The FT has published our letter about “Letter: Investors are let down by the decision to dilute boardroom rules” see https://www.ft.com/content/ff6af1c7-6cb9-4fd8-9be0-43c11bcf89bb
The letter we wrote was as follows:
Many investors will be disappointed to read the article headed “Backlash spurs dilution of audit reform” (Report, November 9). The reforms are supposed to restore trust in governance and audit. Sir John Kingman’s review emphasised that the best way to do this was to focus on “the interests of consumers of financial information, not producers”. So why is the government being so swayed by the latter?
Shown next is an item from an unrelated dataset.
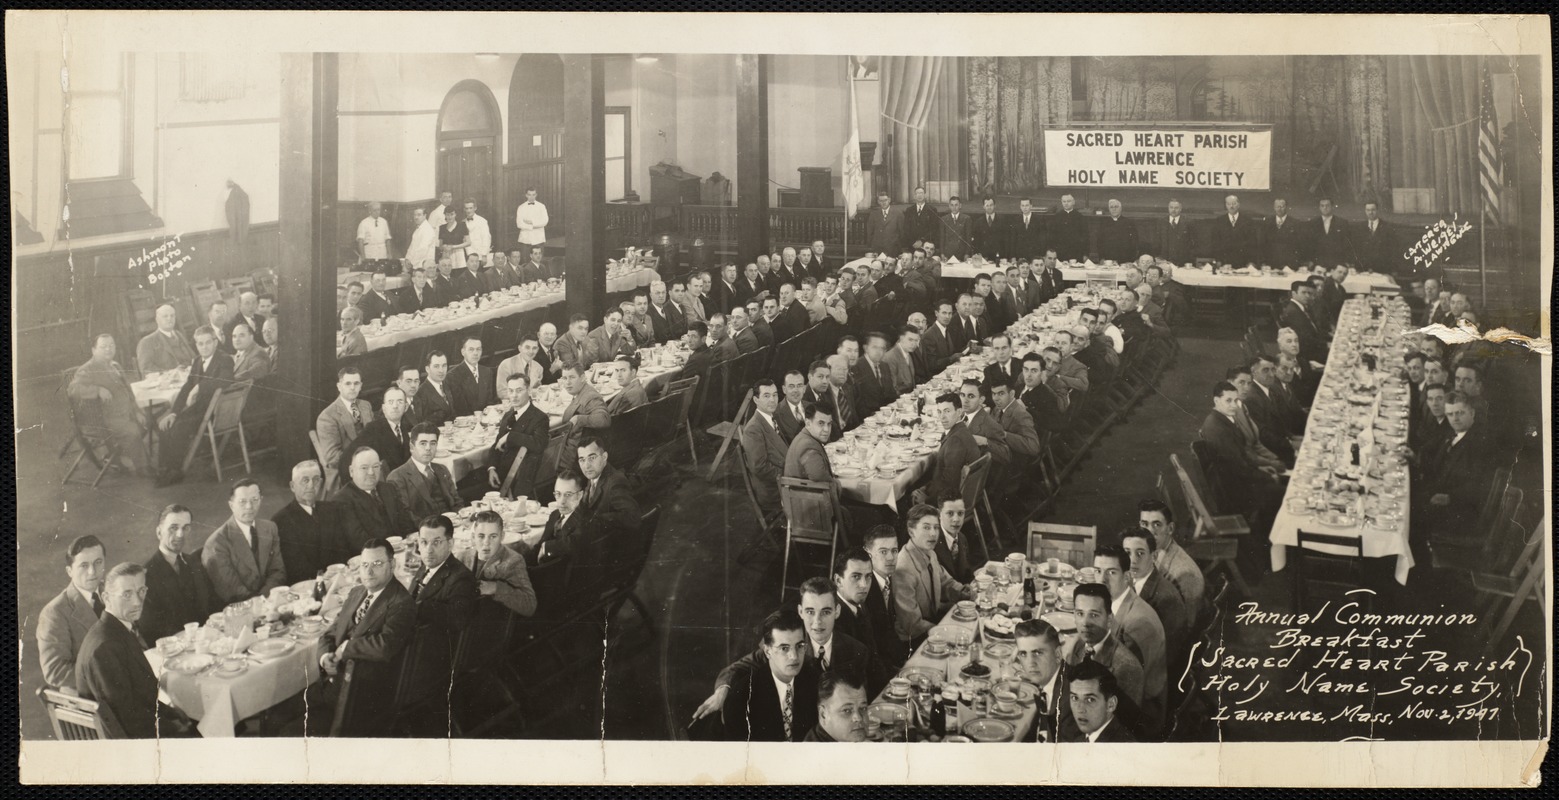 Annual communion breakfast, Sacred Heart parish, Holy Name Society, Lawrence, Massachusetts. November 2, 1947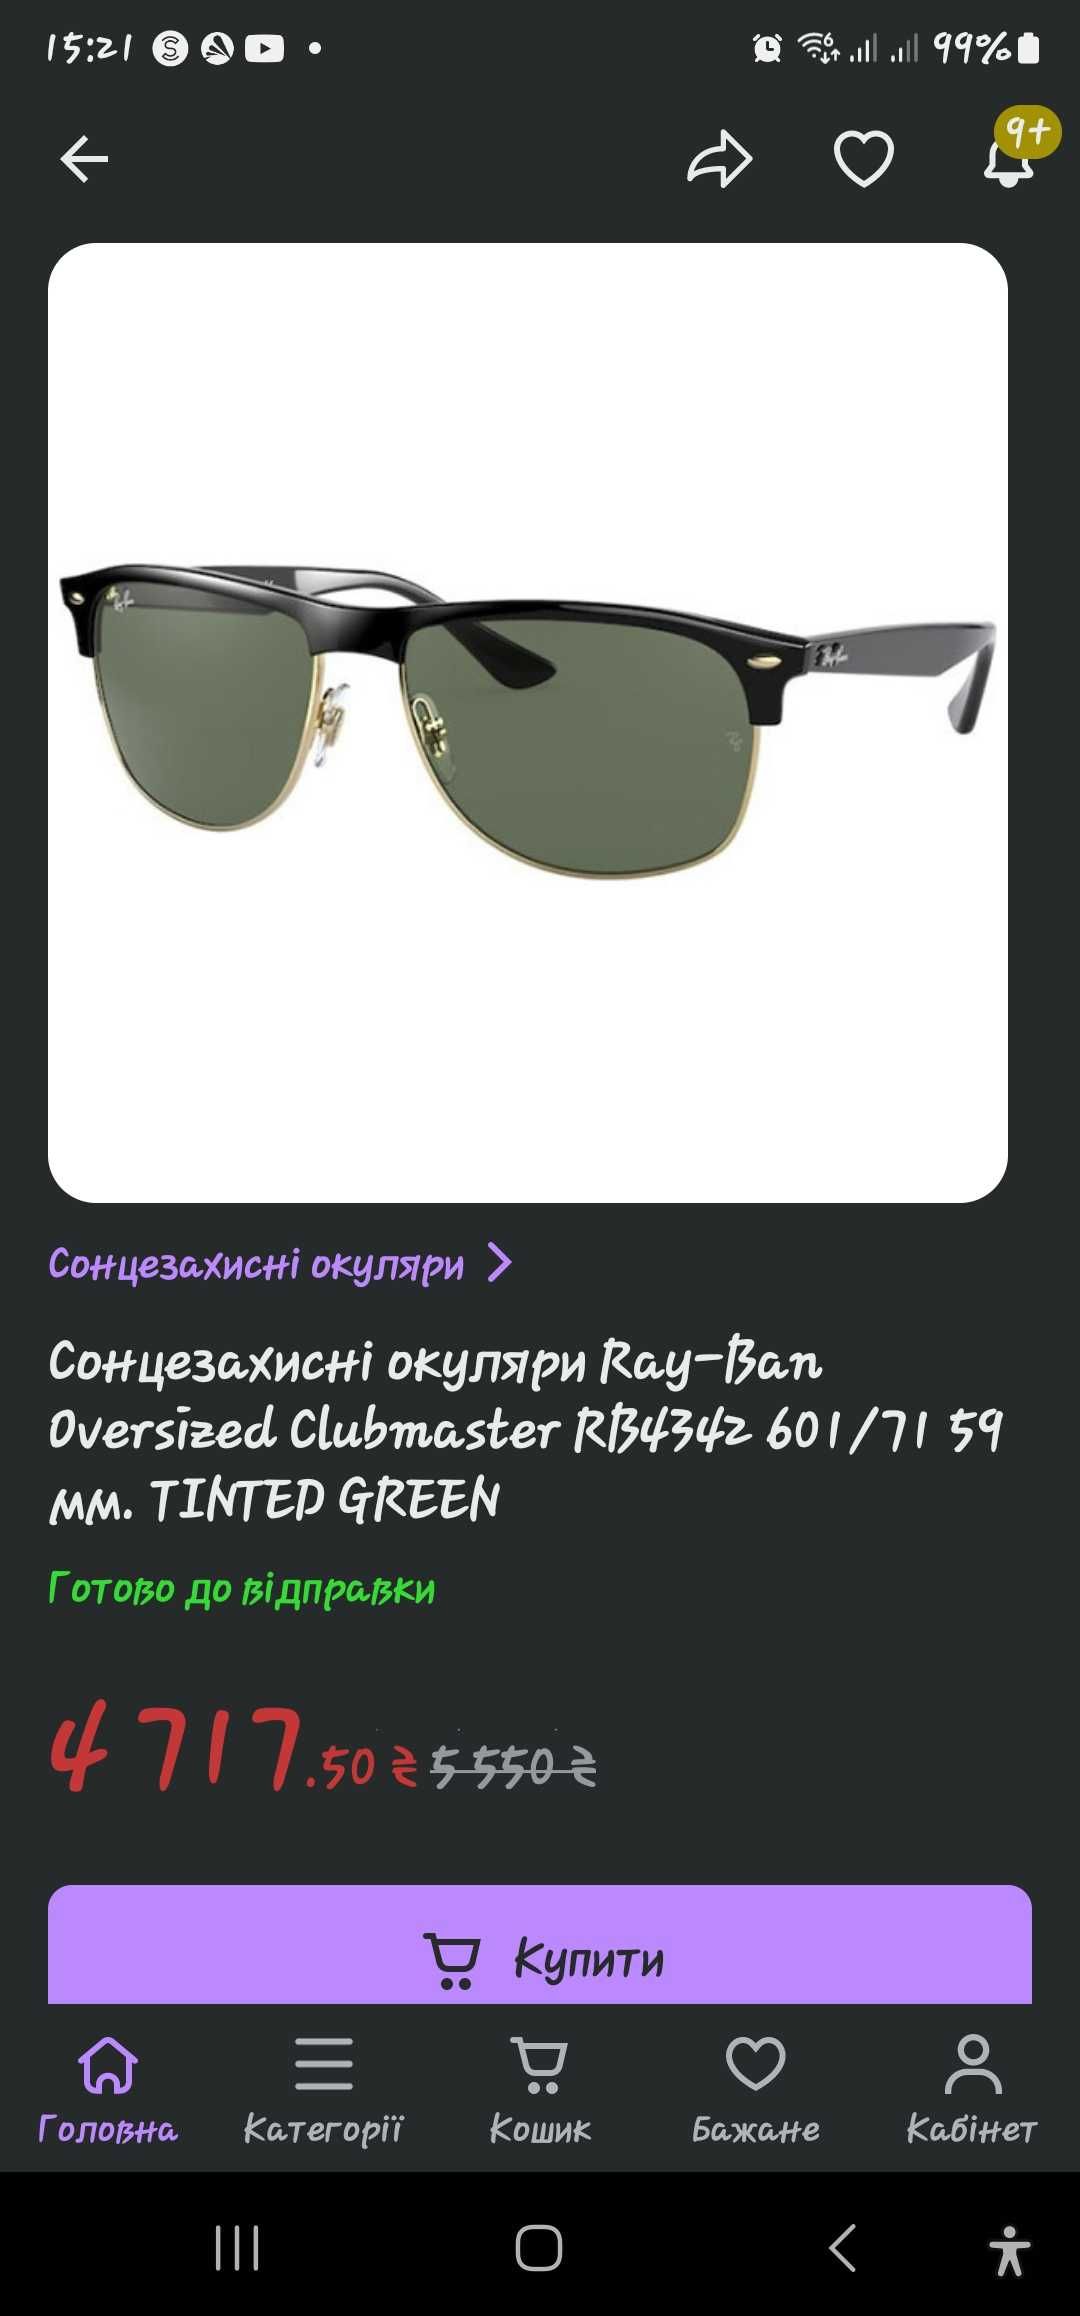 Сонцезахисні окуляри Ray-Ban Oversized Clubmaster RB4342

In submissions to the government, CFA UK, the Corporate Reporting Users’ Forum and representatives of retail investors all backed a form of UK “Sarbanes-Oxley”, the 2002 US federal law that established sweeping auditing and financial regulations for public companies.
This lays down requirements for an effective system of internal controls, signed off by the company’s leaders whose assessment is subject to external audit. The government’s impact assessment cited evidence that the US regime had resulted in more accurate financial information, more conservative accounting practices and a decrease in fraud.
The cost — £2.3bn spread over 10 years — sounds high but is less than a tenth of a per cent of the £2.6tn market value of the FTSE All-Share. The annual ongoing cost would be less than 0.004 per cent of the £5tn-plus enterprise value of the index. Debt holders also have a keen interest in accurate financial information.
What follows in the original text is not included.